## Exercise data
= Beginning of Section =

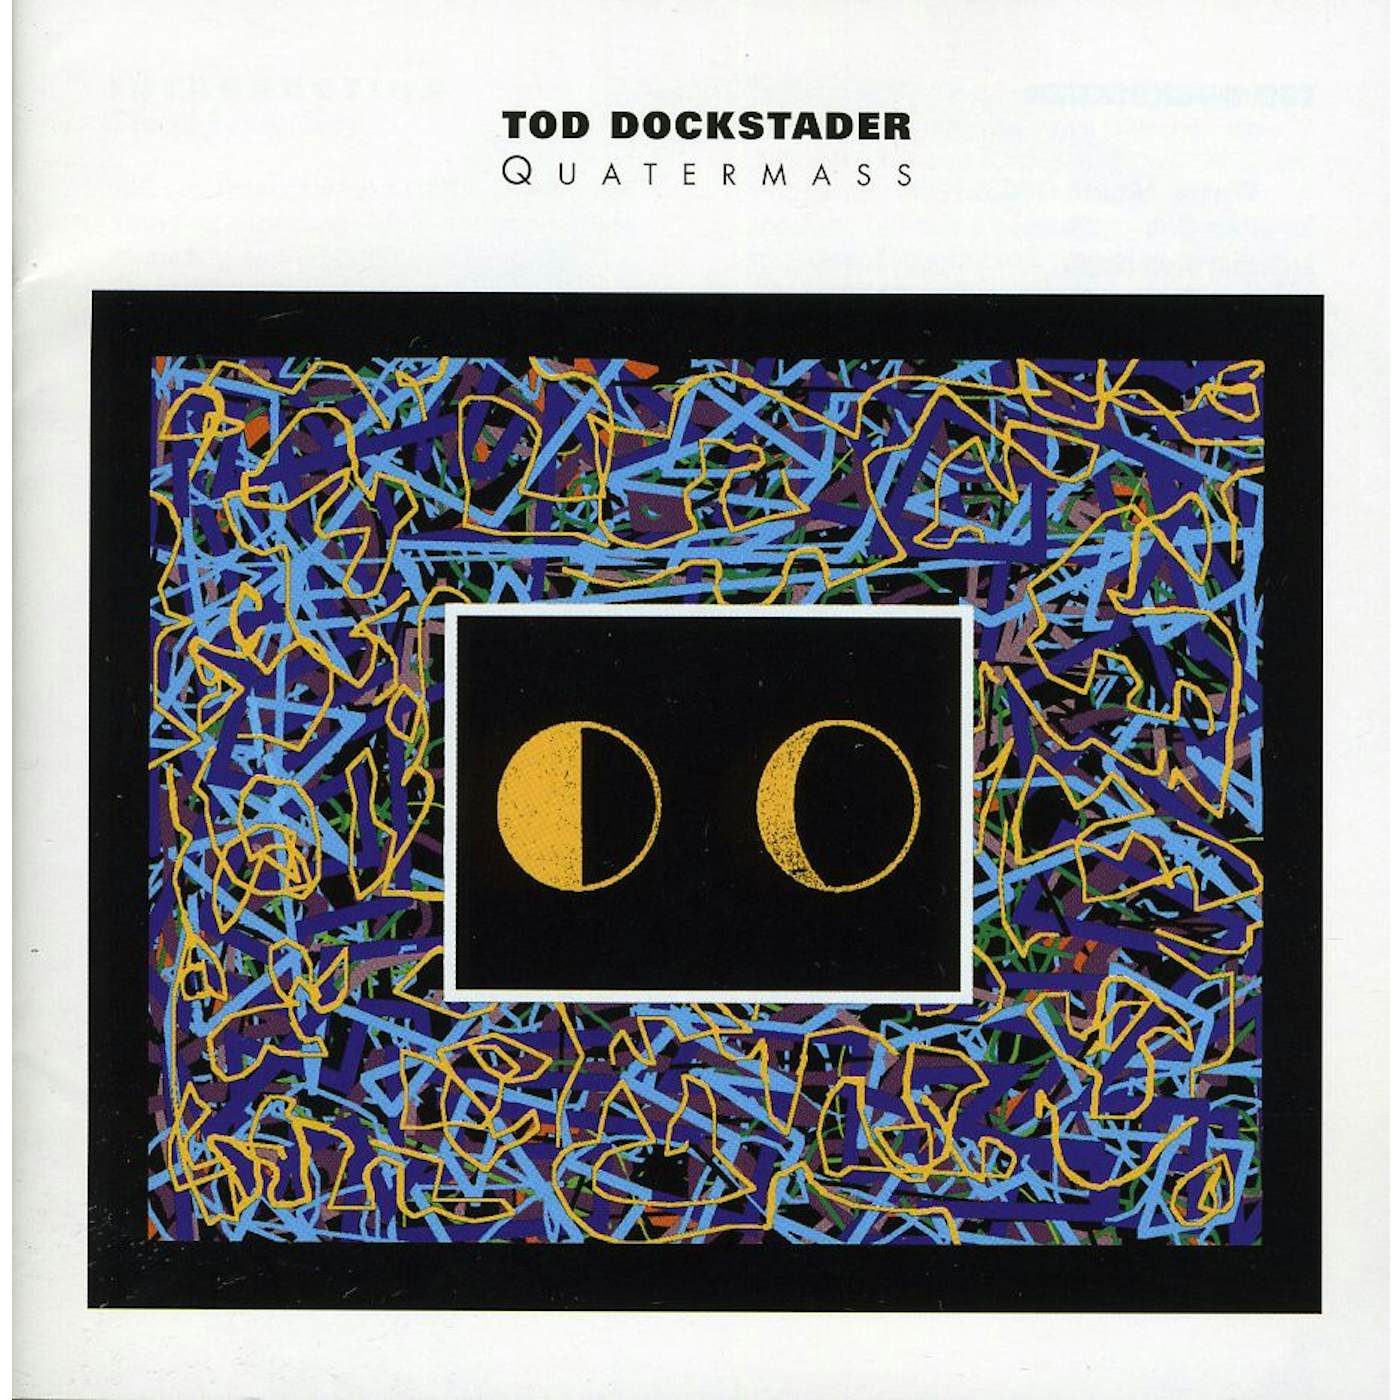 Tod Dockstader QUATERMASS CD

= End of Section =
= Beginning of Section =

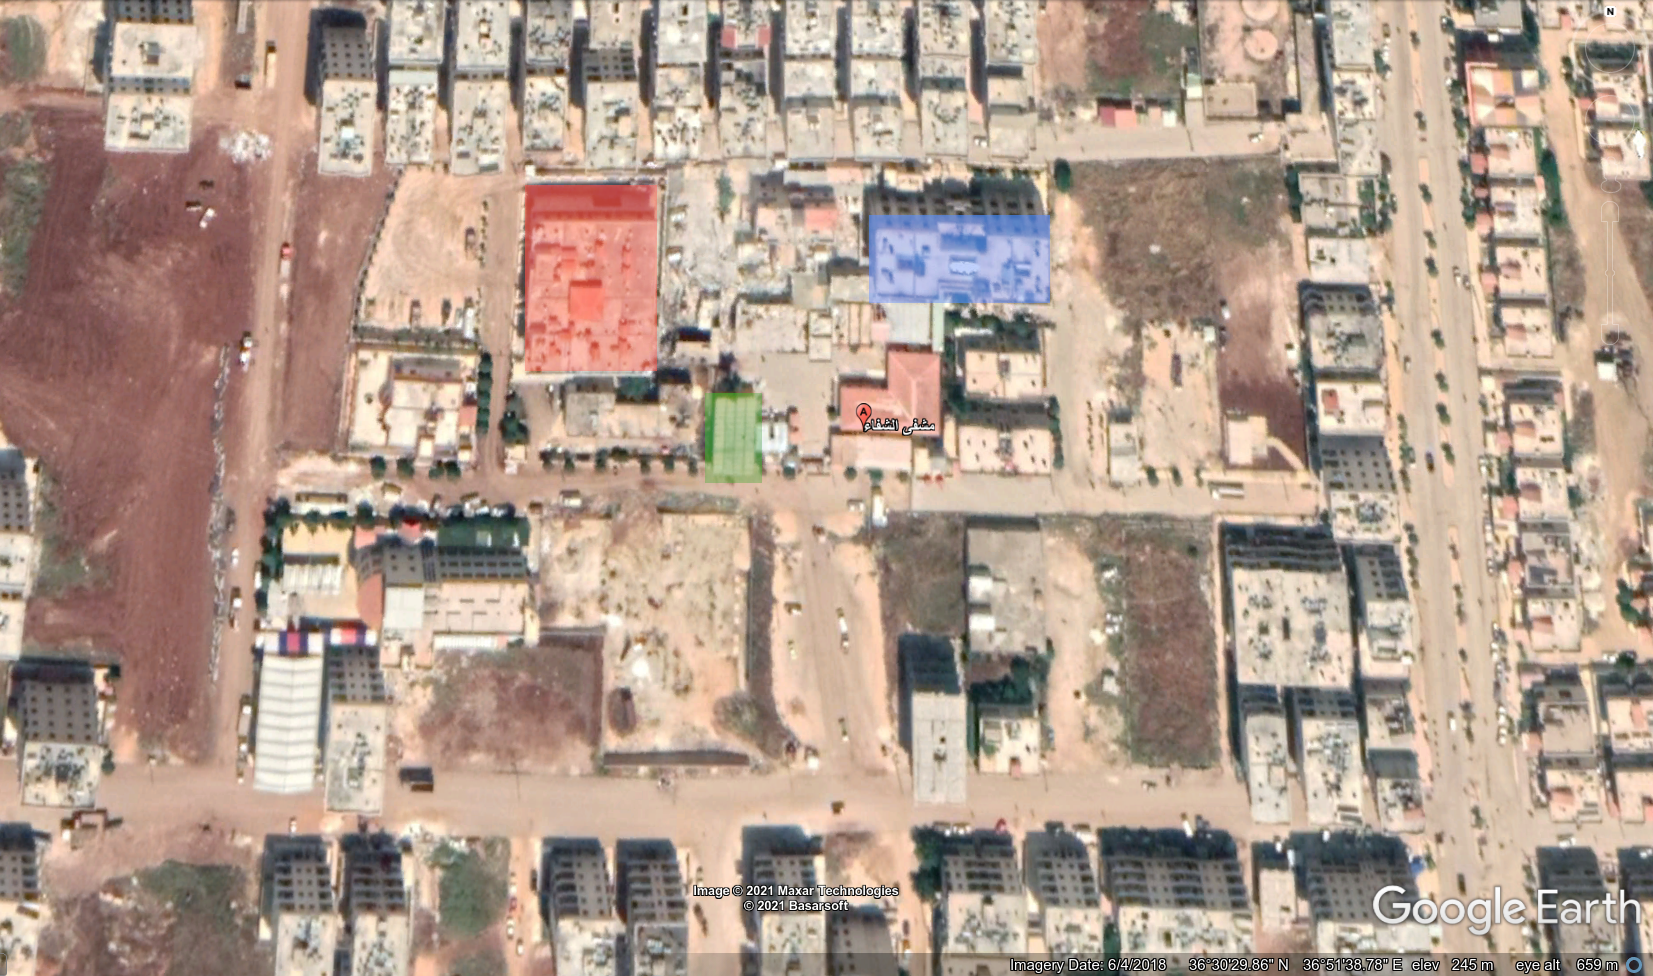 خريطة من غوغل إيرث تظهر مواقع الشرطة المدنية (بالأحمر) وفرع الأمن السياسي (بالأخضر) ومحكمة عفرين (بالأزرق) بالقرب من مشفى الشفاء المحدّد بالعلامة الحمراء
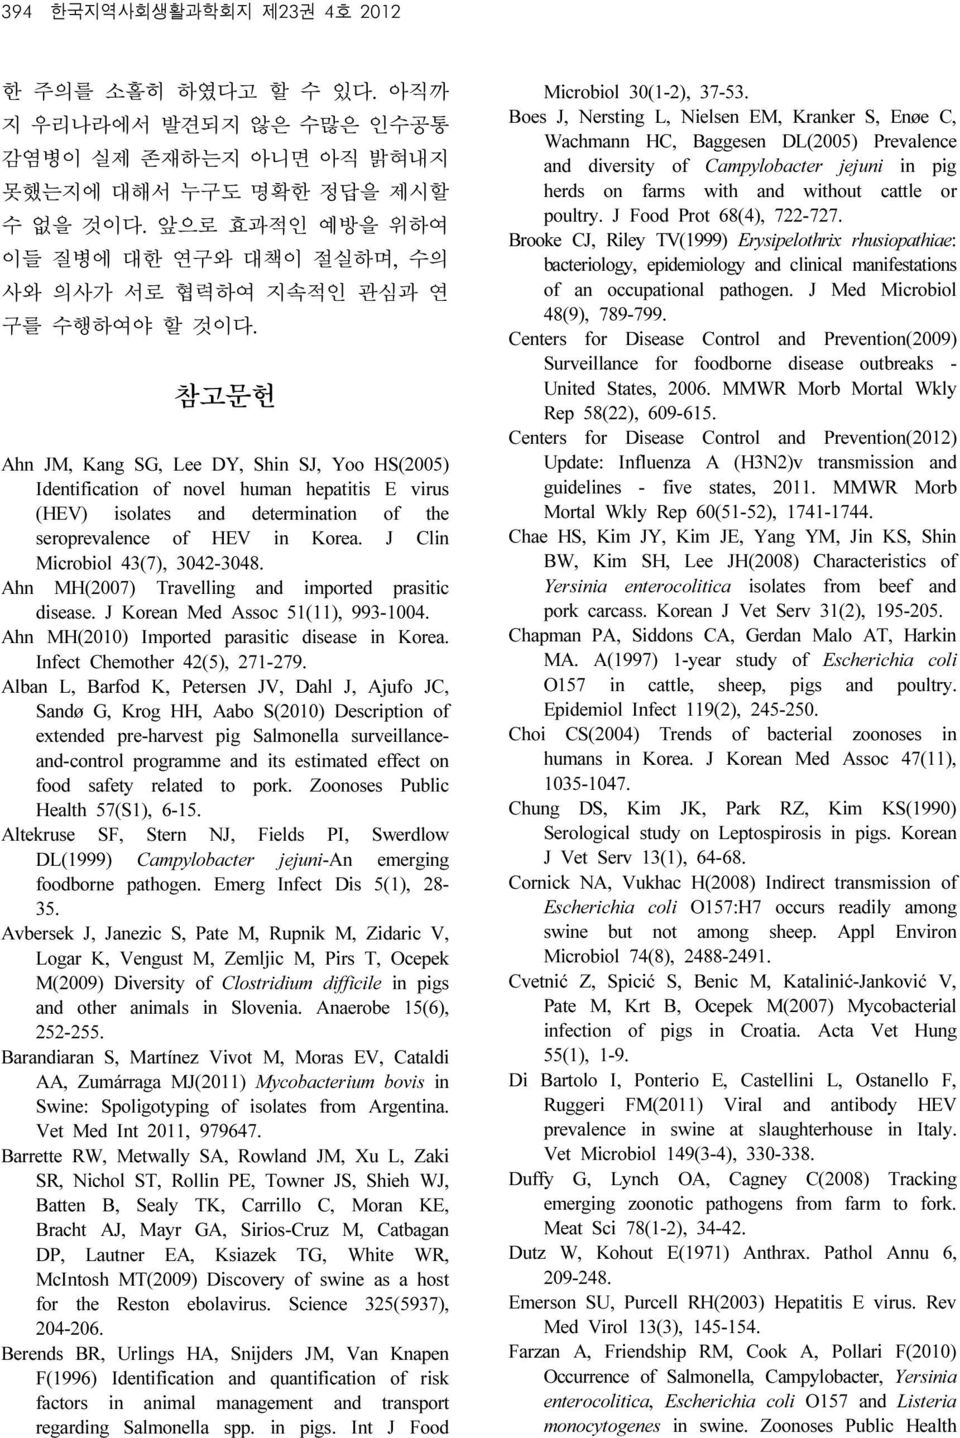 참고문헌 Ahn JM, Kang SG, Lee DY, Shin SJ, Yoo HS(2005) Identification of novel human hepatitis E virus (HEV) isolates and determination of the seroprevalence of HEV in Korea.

= End of Section =
= Beginning of Section =

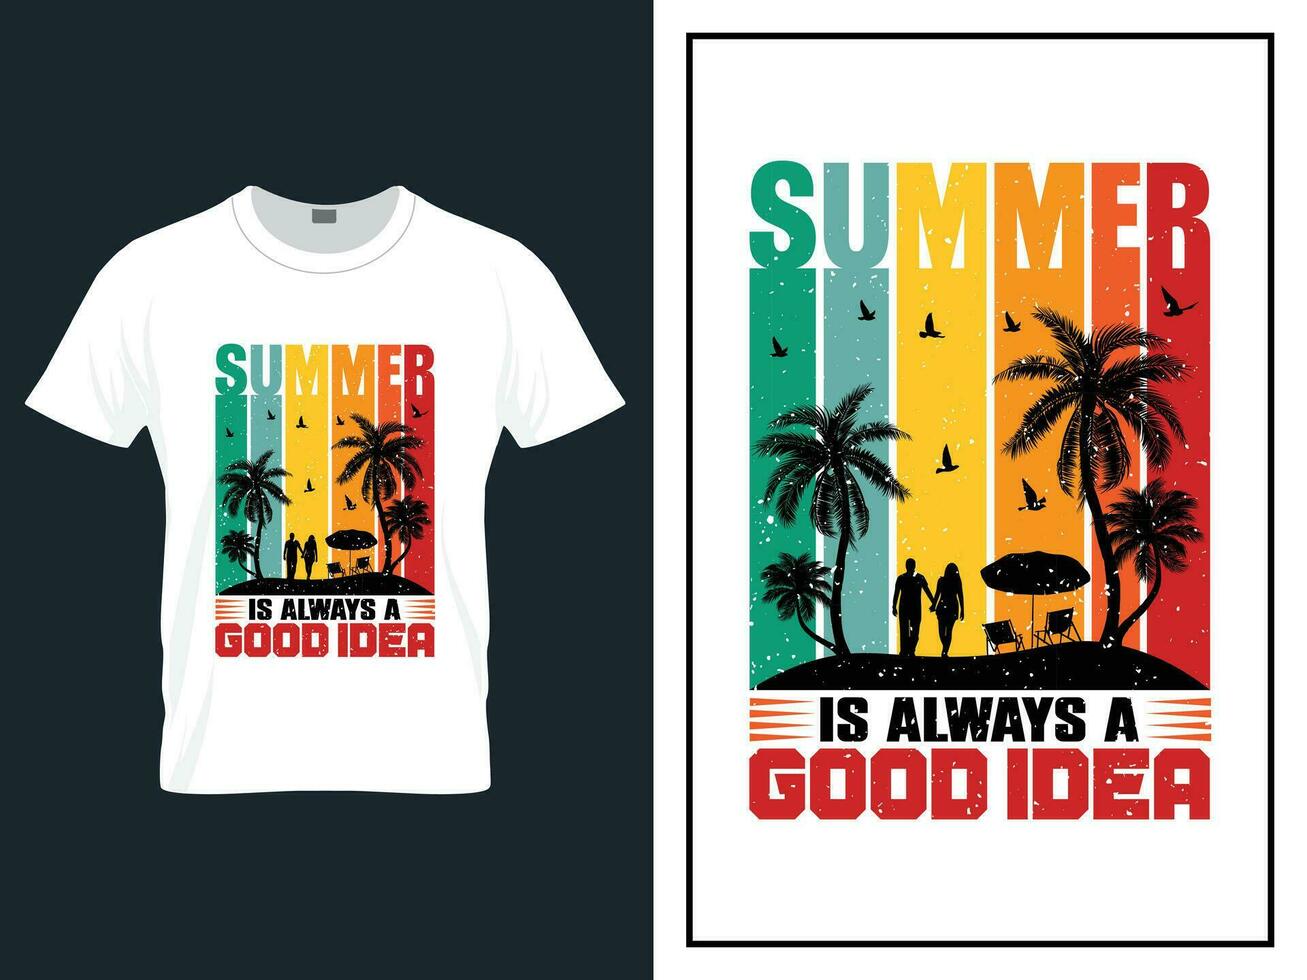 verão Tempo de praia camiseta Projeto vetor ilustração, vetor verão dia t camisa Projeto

= End of Section =

## Try it
Using the records above, print exactly the lines between the ones containing "خريطة من غوغل" and "참고문헌 Ahn JM, Kang", inclusive, and nothing else; no pictures.

## Task output
 خريطة من غوغل إيرث تظهر مواقع الشرطة المدنية (بالأحمر) وفرع الأمن السياسي (بالأخضر) ومحكمة عفرين (بالأزرق) بالقرب من مشفى الشفاء المحدّد بالعلامة الحمراء
 참고문헌 Ahn JM, Kang SG, Lee DY, Shin SJ, Yoo HS(2005) Identification of novel human hepatitis E virus (HEV) isolates and determination of the seroprevalence of HEV in Korea.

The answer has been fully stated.